Maybe they are right, but, in reality, they have no idea. Just like Hiram Bingham had no idea so he projected the bloody rituals on the Incas, the Chinese anthropologists project their idea of sex-crazed Europeans on these 4,000 year old mummies.But it still should be a very interesting show.


The Last Day

Like a lot of trips, on the last day, we are ready to come home and it seems like we have just scratched the surface and would like to stay for another month. We spent the day doing some standard tourist things like going to the Shanghai Museum. Everybody says that the Shanghai Museum is one of the must sees and I am sure it is and I am glad we went but, after a while (a very short while for me), one stone seal looks like the next stone seal.

For lunch, we went back to a dumpling shop that Michele had found that  specializes in a Shanghai dumpling called Xiaolong Bao, or XLBs to the cognoscente. The place (the first one listed under XLB's here) is really a hole in the wall, but the constant line (with Michele in it) in front is a give away.
20090424-IMG_9395

I was sort of hoping that the XLBs would be no better than the Bay Area, but even I had to admit they were fabulous – especially the crab.
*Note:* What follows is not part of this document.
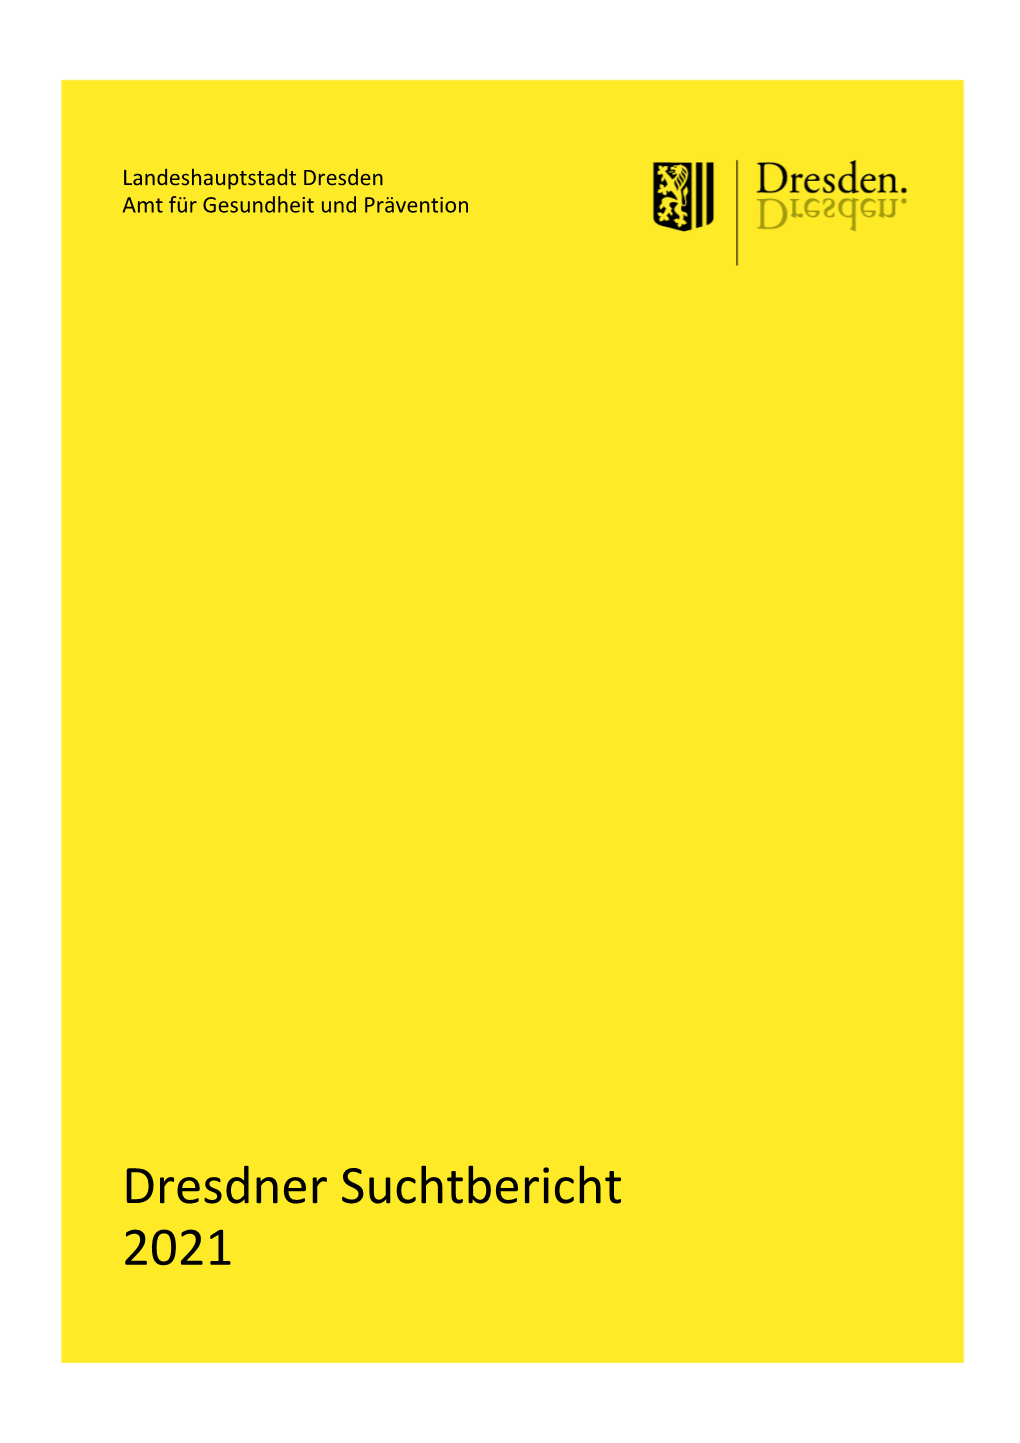 Dresdner Suchtbericht 2021

That same article had mentioned another sort of dumpling (Shengjian), and we saw the long line across the street at a place that serverd those, we we decided we needed to try those as well. We were so glad we did, and when we got back to our room, we discovered that the New York Times agreed that this was a particularly good spot as well.

After wandering around for a while, including the French Concession area, we ended the day looking at the view from the SWFC Observatory . This is touted as the tallest building in the world and the viewing area is on top of the open spot (that Michele observed looks like a bottle opener) and has a glass floor on the sides and in a glass strip down the middle. It really is physically difficult to walk to the windows over the glass. The attendants who guide the visitors to and from the elevators are wearing semi Startrek uniforms and the whole  experience is very other worldly. And the view is great – even through the Shanghai smog.
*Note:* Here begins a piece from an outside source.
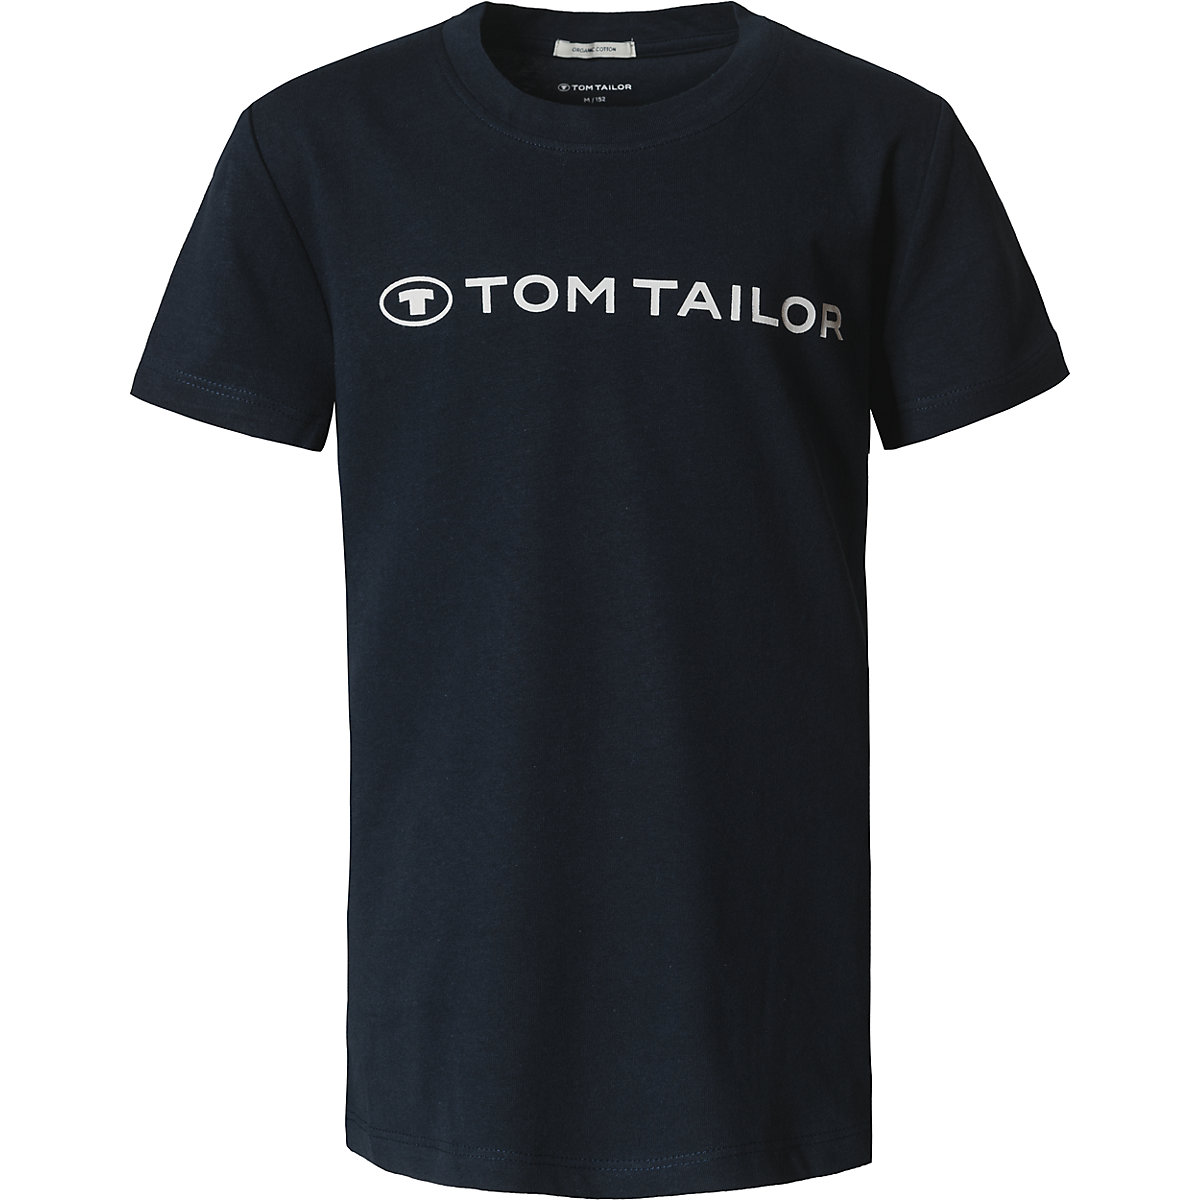 TOM TAILOR T-Shirt für Mädchen Organic Cotton dunkelblau

It is going to take a while to digest this trip but a few quick observations:

    China is a place of contrasts – with the gain turned way up. In the cab ride from our hotel to People's Square, we drive by miles of incredibly shabby 20 story apartments mixed with new, clean, apartments.  

20090424-IMG_9377

    There are beggars, but very few. Much less than in San Francisco. By and large, the people look prosperous – we did not see any grinding poverty but almost everything is shabby. For a big percentage of people, life is lived in public – on the street. Stores stay open for long hours, and, when we walk by at dinner time and look in, we can see the whole family eating – squatted on the floor – in the back.

    The pollution is oppressive. I have had a sore throat since we left Hong Kong. At first I thought I was coming down with a cold, then I realized it is just the air. I lived in LA in the late 50's and it was nothing compared to this.

    Ridley Scott had it down pat in Blade Runner.    (Except the umbrella handles don't light up and there are still no flying cars).